Repeat exactly the lines of the material below that run from the "QQ卖号、选号网站源码 【站长聚集地首发】织梦CMS系统" line to the "Colin Kaepernick called" line, including both, and do not carry over any pictures.

Extracted information:
——
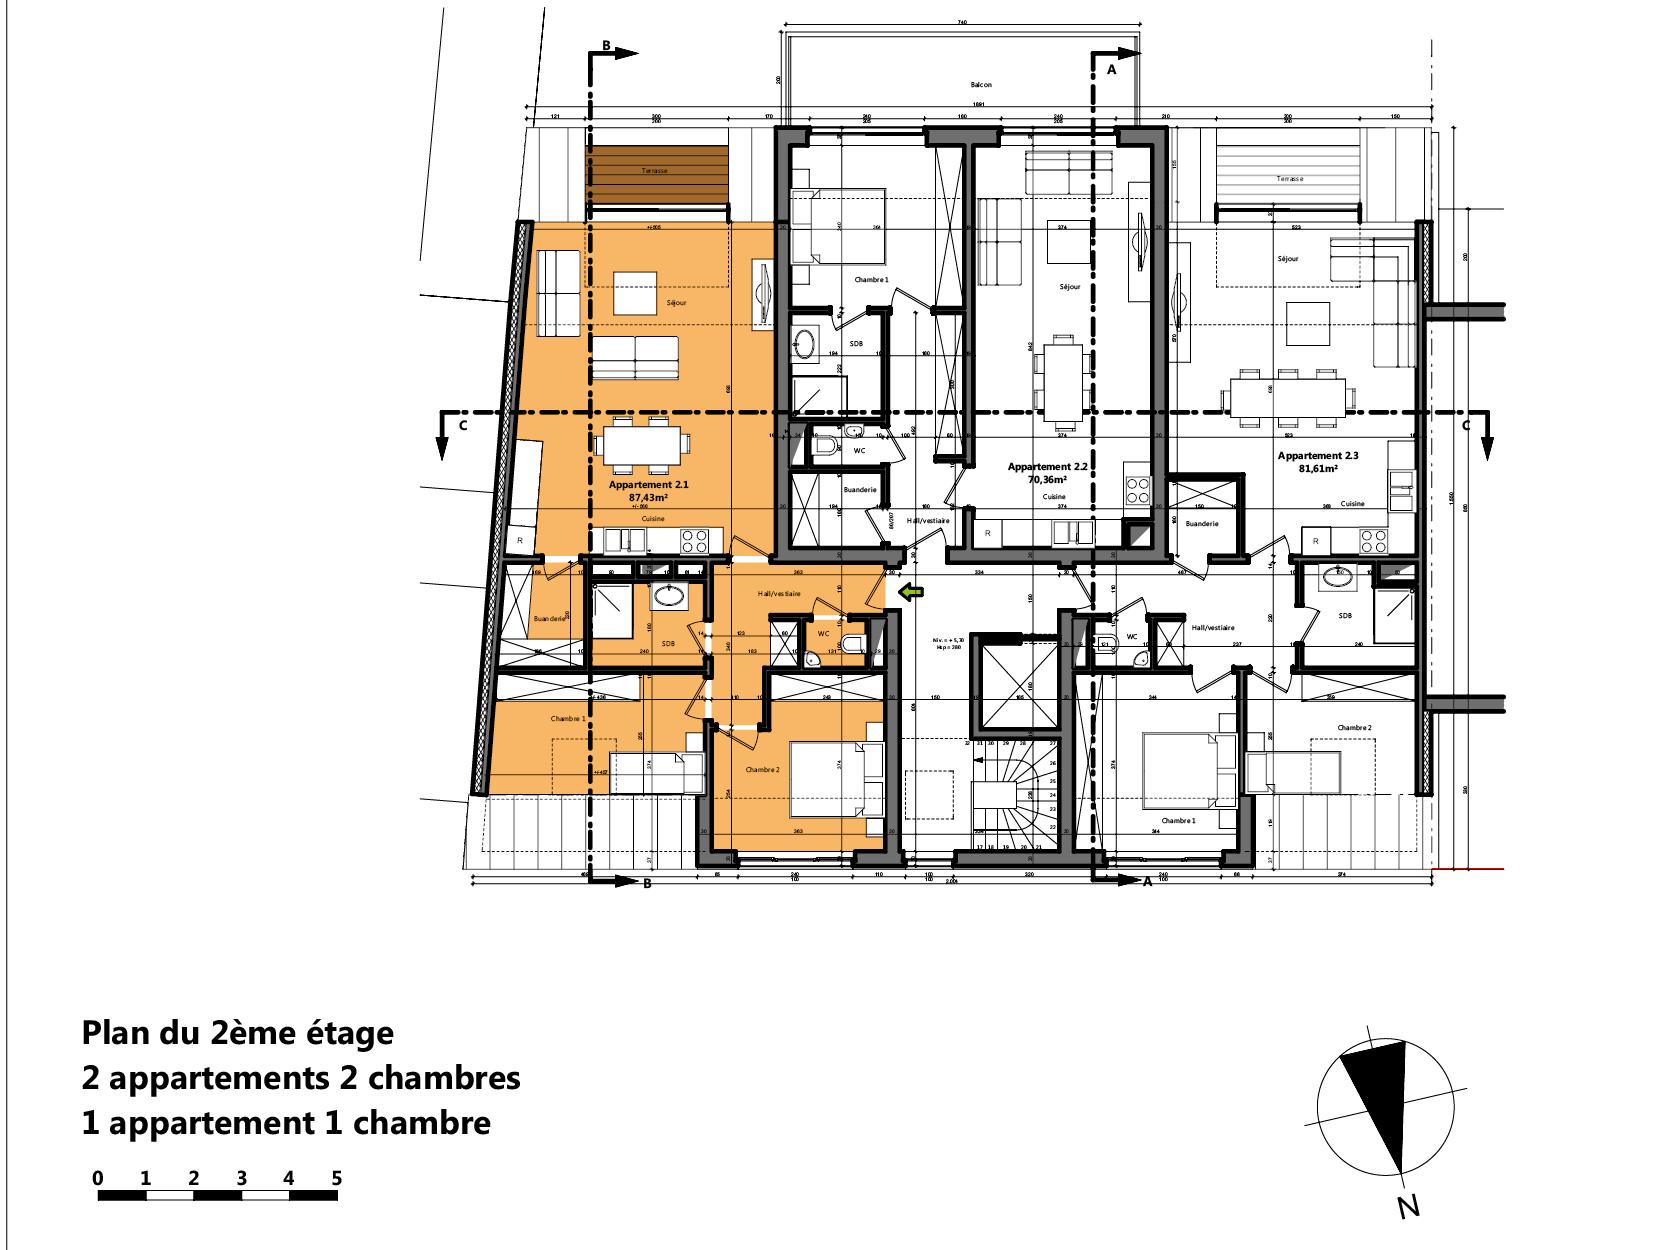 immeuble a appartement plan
——
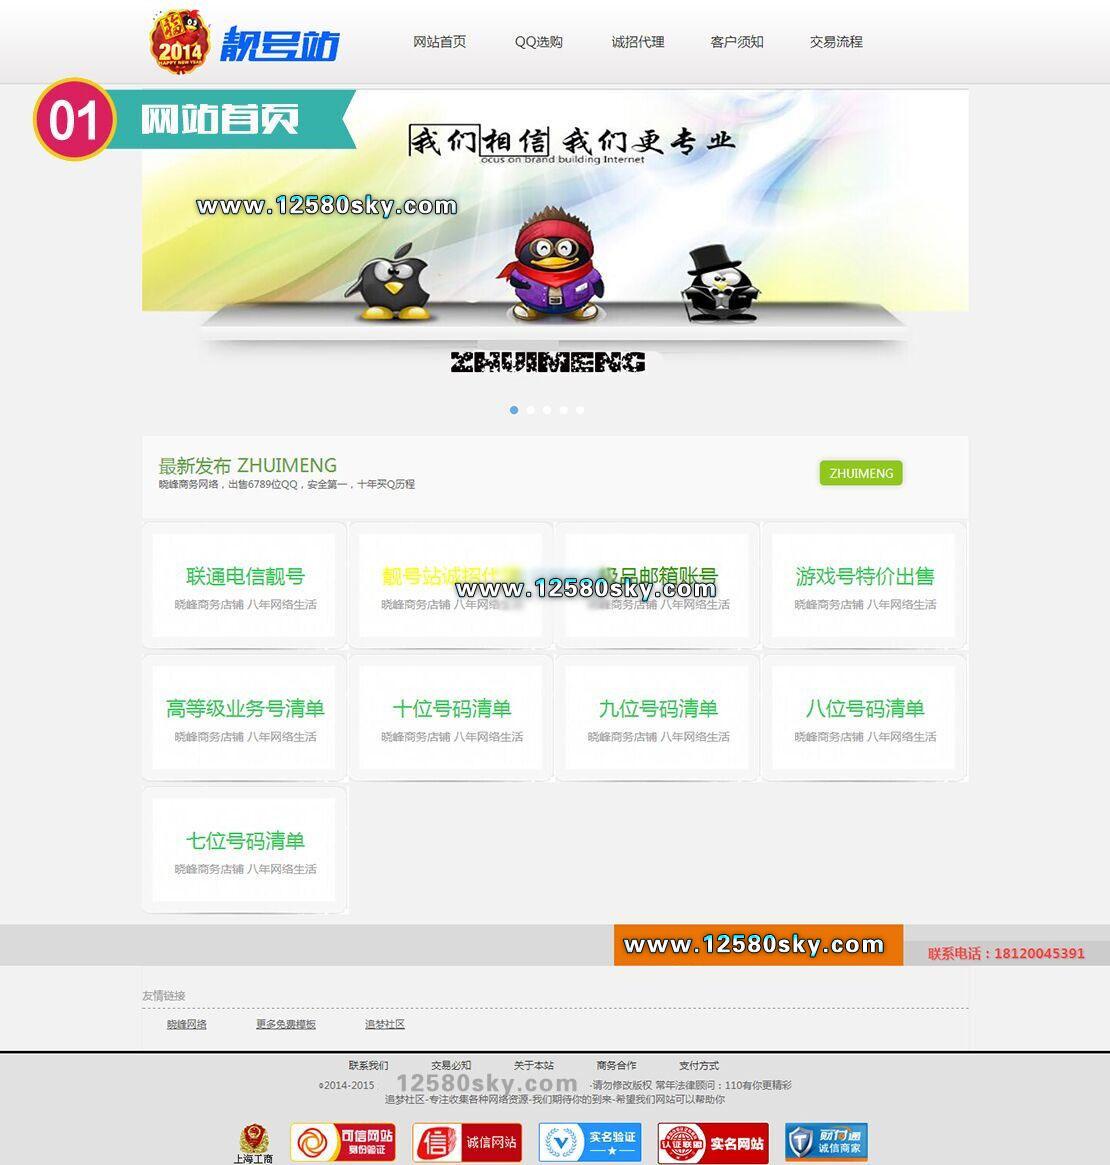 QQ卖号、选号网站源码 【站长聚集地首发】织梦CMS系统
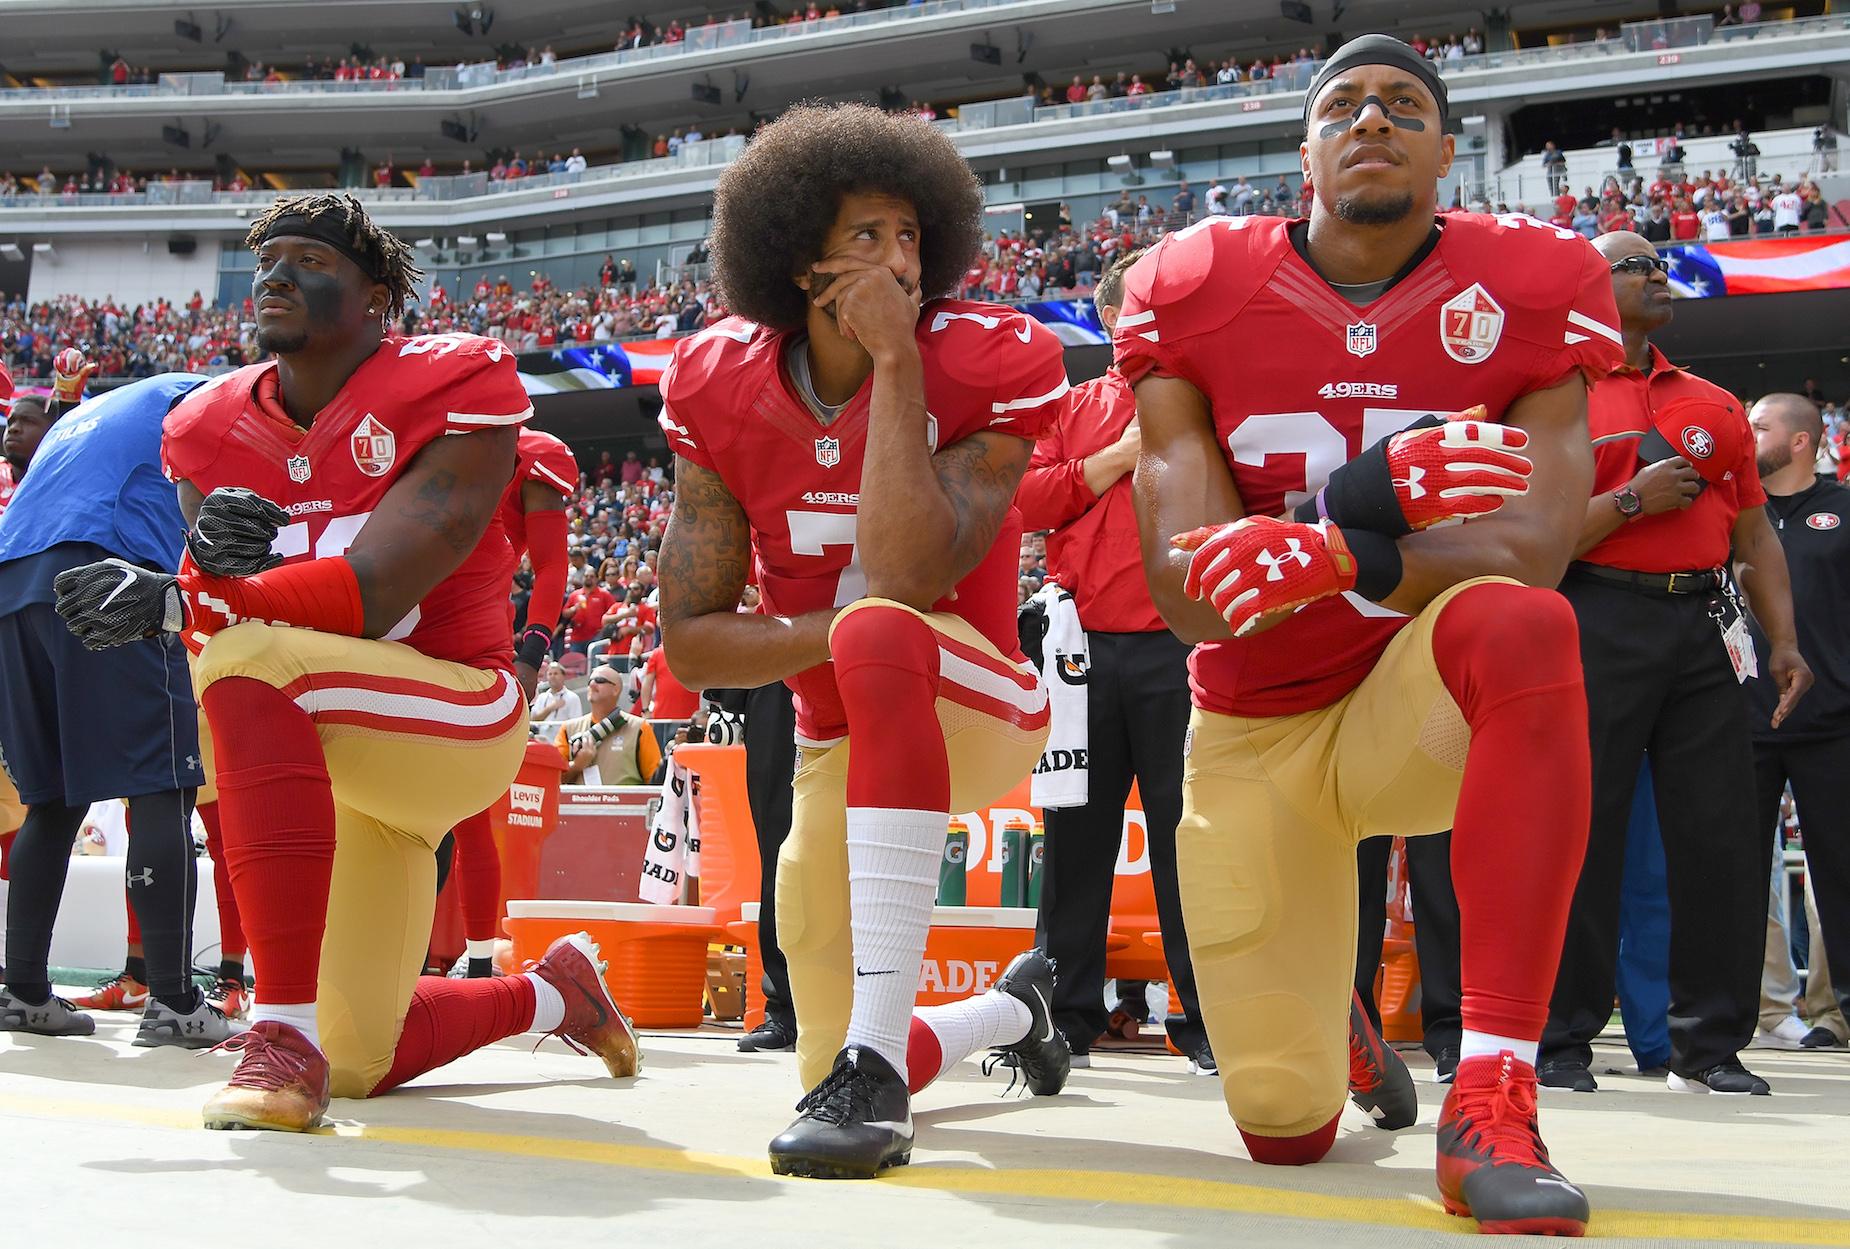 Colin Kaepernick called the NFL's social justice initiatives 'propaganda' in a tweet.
——
Exercise result:
 QQ卖号、选号网站源码 【站长聚集地首发】织梦CMS系统
 Colin Kaepernick called the NFL's social justice initiatives 'propaganda' in a tweet.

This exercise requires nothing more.